The size of the device is about 6038169.86mm (W x D x H). The device incorporates Intense Pulse Light (IPL) technology. The purpose of the light is to heat the root where the hair grows.

The device contains a Xenon Lamp and a skin proximity sensor to detect appropriate skin contact. If the IPL Hair Removal Device is not properly applied to the treatment area (in full contact with the skin), the device cannot be triggered a pulse emitting.

AI/ML Overview

The provided text describes an IPL Hair Removal Device (K213558) and its substantial equivalence to predicate devices, but it does not include detailed information about an acceptance criteria table, device performance metrics, a study design (including sample sizes, ground truth establishment, or expert involvement), or comparative effectiveness studies (MRMC).

The document focuses on regulatory compliance, safety testing, and technological comparison to predicate devices rather than a performance study as typically understood for AI/algorithm-based devices.

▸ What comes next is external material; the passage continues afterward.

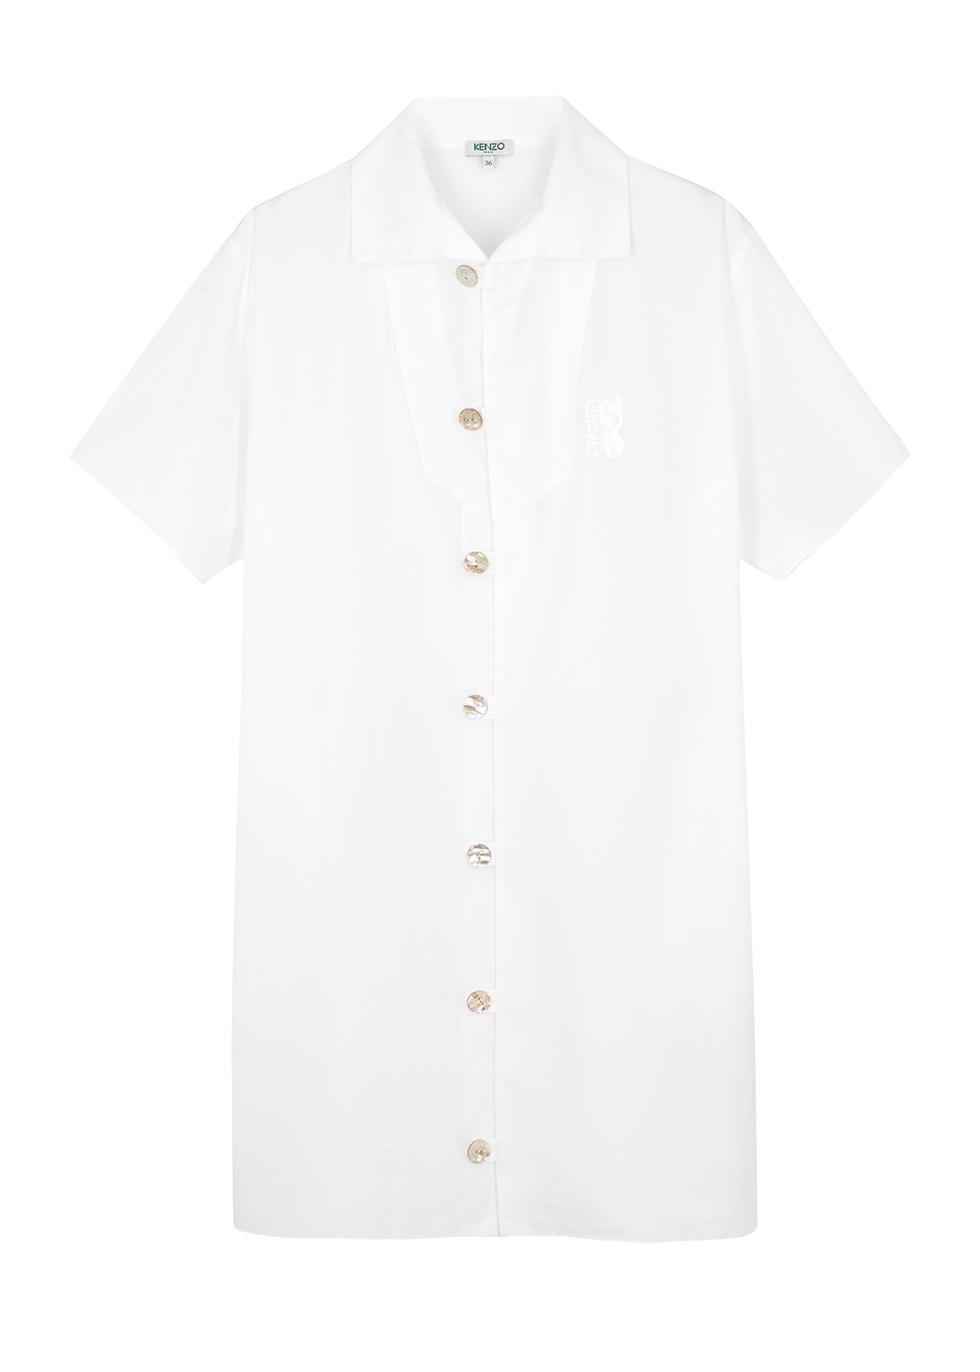 White poplin shirt dress
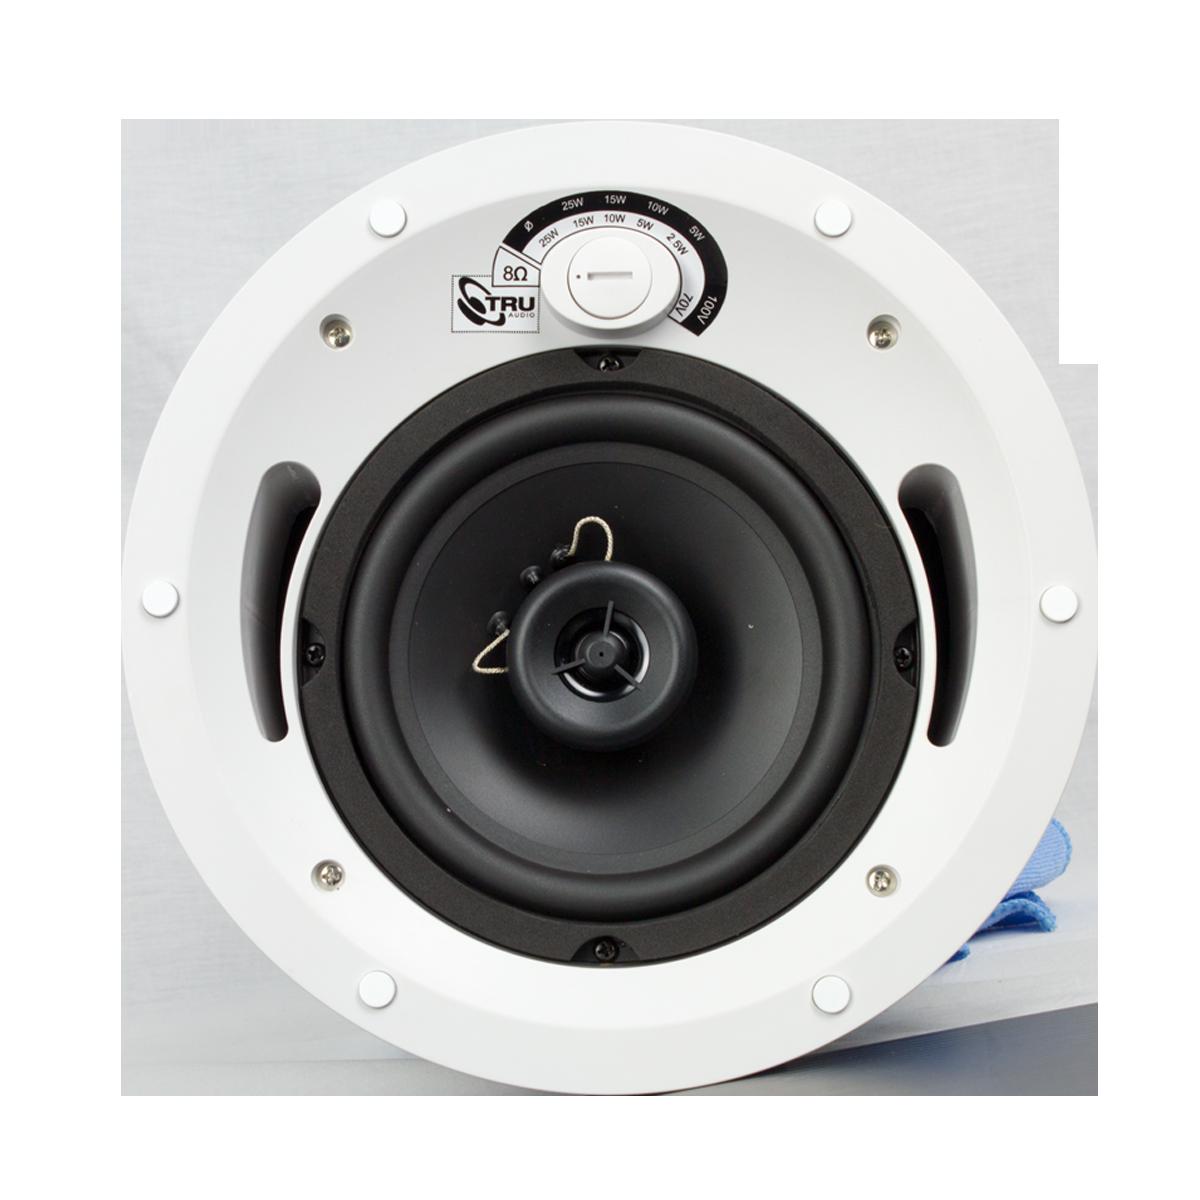 Klipsch Subwoofer Wiring Diagram Diagrams 70v Audio Volume 15 Inch Promedia 2 1 Repair

Therefore, for most of your requested points, the information is not available in the provided text. I will provide what can be extracted:

1. Table of Acceptance Criteria and Reported Device Performance
This information is not explicitly provided in the document. The document lists "Specifications" for the device, which could be considered criteria, but it does not present a table of acceptance criteria with corresponding device performance results from a specific study.

2. Sample Size Used for the Test Set and Data Provenance
Not applicable. The document discusses "lab bench testing" for safety and performance (referencing standards like IEC 60601-1) and a comparison to predicate devices based on technological characteristics. It does not describe a clinical performance study with a test set of data or human subjects to measure efficacy.

3. Number of Experts Used to Establish Ground Truth for the Test Set and Qualifications
Not applicable, as no such performance study is described.

4. Adjudication Method for the Test Set
Not applicable, as no such performance study is described.

5. If a Multi-Reader Multi-Case (MRMC) Comparative Effectiveness Study was done
No, a Multi-Reader Multi-Case (MRMC) comparative effectiveness study is not mentioned or described. The document focuses on the device's technical specifications and safety compliance, not a clinical trial comparing human performance with and without AI assistance.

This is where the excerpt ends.